Your task is to transcribe the material that follows, line by line and exactly.

** Opening Data in this exercise block **

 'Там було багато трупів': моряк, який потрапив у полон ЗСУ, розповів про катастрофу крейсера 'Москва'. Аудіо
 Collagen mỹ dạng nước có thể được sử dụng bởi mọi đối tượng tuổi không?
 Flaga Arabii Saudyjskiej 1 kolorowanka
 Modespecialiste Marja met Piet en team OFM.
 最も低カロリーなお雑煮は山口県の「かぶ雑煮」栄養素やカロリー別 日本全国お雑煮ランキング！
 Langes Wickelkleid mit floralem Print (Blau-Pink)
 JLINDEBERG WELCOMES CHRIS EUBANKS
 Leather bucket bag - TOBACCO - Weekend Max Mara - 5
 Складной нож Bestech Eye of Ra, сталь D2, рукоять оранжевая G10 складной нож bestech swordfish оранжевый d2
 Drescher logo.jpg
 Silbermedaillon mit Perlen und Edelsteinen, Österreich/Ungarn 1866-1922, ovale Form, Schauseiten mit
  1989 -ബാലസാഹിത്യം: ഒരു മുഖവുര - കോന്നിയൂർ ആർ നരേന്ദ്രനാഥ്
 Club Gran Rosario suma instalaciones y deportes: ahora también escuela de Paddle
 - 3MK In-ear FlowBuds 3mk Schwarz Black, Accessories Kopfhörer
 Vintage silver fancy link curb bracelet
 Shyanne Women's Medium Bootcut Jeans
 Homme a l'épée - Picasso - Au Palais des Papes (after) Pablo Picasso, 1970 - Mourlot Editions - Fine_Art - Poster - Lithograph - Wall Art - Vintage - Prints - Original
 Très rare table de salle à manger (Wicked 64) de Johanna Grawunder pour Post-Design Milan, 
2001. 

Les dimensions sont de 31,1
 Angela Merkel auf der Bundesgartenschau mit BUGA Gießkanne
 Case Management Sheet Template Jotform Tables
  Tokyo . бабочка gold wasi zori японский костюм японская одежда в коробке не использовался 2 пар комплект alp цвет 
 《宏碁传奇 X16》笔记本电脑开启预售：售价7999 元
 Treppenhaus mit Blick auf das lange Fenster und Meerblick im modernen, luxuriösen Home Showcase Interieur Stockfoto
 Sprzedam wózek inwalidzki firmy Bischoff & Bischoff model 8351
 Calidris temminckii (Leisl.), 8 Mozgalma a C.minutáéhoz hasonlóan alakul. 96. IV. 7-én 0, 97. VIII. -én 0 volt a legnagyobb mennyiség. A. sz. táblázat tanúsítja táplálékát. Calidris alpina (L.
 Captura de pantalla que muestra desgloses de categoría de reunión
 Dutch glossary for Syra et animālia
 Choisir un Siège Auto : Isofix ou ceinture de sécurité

** Closing Data in this exercise block **

_Result_
 'Там було багато трупів': моряк, який потрапив у полон ЗСУ, розповів про катастрофу крейсера 'Москва'. Аудіо
 Collagen mỹ dạng nước có thể được sử dụng bởi mọi đối tượng tuổi không?
 Flaga Arabii Saudyjskiej 1 kolorowanka
 Modespecialiste Marja met Piet en team OFM.
 最も低カロリーなお雑煮は山口県の「かぶ雑煮」栄養素やカロリー別 日本全国お雑煮ランキング！
 Langes Wickelkleid mit floralem Print (Blau-Pink)
 JLINDEBERG WELCOMES CHRIS EUBANKS
 Leather bucket bag - TOBACCO - Weekend Max Mara - 5
 Складной нож Bestech Eye of Ra, сталь D2, рукоять оранжевая G10 складной нож bestech swordfish оранжевый d2
 Drescher logo.jpg
 Silbermedaillon mit Perlen und Edelsteinen, Österreich/Ungarn 1866-1922, ovale Form, Schauseiten mit
  1989 -ബാലസാഹിത്യം: ഒരു മുഖവുര - കോന്നിയൂർ ആർ നരേന്ദ്രനാഥ്
 Club Gran Rosario suma instalaciones y deportes: ahora también escuela de Paddle
 - 3MK In-ear FlowBuds 3mk Schwarz Black, Accessories Kopfhörer
 Vintage silver fancy link curb bracelet
 Shyanne Women's Medium Bootcut Jeans
 Homme a l'épée - Picasso - Au Palais des Papes (after) Pablo Picasso, 1970 - Mourlot Editions - Fine_Art - Poster - Lithograph - Wall Art - Vintage - Prints - Original
 Très rare table de salle à manger (Wicked 64) de Johanna Grawunder pour Post-Design Milan, 
2001. 

Les dimensions sont de 31,1
 Angela Merkel auf der Bundesgartenschau mit BUGA Gießkanne
 Case Management Sheet Template Jotform Tables
  Tokyo . бабочка gold wasi zori японский костюм японская одежда в коробке не использовался 2 пар комплект alp цвет 
 《宏碁传奇 X16》笔记本电脑开启预售：售价7999 元
 Treppenhaus mit Blick auf das lange Fenster und Meerblick im modernen, luxuriösen Home Showcase Interieur Stockfoto
 Sprzedam wózek inwalidzki firmy Bischoff & Bischoff model 8351
 Calidris temminckii (Leisl.), 8 Mozgalma a C.minutáéhoz hasonlóan alakul. 96. IV. 7-én 0, 97. VIII. -én 0 volt a legnagyobb mennyiség. A. sz. táblázat tanúsítja táplálékát. Calidris alpina (L.
 Captura de pantalla que muestra desgloses de categoría de reunión
 Dutch glossary for Syra et animālia
 Choisir un Siège Auto : Isofix ou ceinture de sécurité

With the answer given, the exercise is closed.